**WORK INSTRUCTION**
Here is the listing. Report each line in it that contains the string "Stock".
=-=-=-=-=
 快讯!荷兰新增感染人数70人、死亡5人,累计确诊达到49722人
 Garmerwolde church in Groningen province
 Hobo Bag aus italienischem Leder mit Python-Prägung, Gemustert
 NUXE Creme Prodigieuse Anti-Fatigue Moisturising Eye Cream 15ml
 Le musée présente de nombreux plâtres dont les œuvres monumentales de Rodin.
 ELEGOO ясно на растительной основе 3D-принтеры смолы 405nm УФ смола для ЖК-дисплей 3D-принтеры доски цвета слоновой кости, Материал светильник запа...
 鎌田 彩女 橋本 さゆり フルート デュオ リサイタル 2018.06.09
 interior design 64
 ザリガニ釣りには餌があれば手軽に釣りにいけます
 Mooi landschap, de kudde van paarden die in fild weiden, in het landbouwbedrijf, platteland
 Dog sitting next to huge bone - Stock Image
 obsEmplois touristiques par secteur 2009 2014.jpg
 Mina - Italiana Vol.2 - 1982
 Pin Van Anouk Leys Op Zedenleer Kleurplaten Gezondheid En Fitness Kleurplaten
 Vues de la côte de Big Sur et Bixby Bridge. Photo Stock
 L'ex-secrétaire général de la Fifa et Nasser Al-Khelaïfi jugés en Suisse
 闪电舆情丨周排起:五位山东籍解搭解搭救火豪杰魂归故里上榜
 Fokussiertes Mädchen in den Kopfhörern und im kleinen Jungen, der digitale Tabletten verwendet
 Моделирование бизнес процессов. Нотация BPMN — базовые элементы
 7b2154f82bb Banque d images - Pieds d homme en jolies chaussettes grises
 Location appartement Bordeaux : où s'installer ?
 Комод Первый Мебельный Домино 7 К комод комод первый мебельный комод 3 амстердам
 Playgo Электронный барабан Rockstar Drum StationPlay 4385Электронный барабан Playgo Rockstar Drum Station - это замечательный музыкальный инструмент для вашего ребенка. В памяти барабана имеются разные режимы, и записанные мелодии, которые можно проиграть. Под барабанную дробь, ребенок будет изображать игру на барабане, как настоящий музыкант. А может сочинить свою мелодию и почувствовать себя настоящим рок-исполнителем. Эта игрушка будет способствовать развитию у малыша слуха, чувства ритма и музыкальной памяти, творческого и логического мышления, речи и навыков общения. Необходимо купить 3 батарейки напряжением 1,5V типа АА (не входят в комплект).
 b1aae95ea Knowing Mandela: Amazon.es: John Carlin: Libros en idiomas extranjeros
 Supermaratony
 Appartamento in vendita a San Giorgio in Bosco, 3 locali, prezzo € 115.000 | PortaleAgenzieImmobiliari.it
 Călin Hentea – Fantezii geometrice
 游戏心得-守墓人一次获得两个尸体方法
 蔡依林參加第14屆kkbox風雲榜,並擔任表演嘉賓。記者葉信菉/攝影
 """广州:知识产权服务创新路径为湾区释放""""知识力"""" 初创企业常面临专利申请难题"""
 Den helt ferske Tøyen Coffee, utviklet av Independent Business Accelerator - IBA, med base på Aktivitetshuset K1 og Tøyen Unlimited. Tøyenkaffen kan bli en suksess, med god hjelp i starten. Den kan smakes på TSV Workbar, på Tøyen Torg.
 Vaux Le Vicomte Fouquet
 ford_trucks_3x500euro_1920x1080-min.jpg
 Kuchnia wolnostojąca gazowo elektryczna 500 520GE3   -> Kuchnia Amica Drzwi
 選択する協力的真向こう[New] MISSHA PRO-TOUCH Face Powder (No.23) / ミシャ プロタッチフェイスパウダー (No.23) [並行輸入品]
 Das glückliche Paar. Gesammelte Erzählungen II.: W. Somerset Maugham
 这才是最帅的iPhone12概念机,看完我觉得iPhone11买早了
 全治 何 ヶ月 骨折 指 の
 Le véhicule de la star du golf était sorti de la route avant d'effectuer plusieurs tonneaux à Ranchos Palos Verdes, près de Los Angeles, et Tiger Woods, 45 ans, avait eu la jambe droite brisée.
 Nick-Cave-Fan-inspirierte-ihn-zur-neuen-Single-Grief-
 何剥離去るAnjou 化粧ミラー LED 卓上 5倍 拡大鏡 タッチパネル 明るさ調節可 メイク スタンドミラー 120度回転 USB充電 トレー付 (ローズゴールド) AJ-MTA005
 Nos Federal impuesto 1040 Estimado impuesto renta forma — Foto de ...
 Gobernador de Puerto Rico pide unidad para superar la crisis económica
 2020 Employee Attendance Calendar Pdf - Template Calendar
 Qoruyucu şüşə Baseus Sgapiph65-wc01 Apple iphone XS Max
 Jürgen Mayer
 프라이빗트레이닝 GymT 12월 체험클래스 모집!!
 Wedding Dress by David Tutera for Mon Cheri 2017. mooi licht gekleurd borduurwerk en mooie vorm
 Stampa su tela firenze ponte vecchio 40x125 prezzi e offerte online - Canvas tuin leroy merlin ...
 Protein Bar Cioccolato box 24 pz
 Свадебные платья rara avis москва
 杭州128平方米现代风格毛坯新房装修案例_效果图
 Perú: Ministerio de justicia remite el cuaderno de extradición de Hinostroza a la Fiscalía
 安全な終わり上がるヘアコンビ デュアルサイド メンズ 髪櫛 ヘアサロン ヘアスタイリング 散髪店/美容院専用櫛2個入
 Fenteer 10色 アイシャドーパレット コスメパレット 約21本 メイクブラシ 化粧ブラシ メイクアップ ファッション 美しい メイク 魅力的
=-=-=-=-=
**RESULT OF THIS TASK**
 Dog sitting next to huge bone - Stock Image
 Vues de la côte de Big Sur et Bixby Bridge. Photo Stock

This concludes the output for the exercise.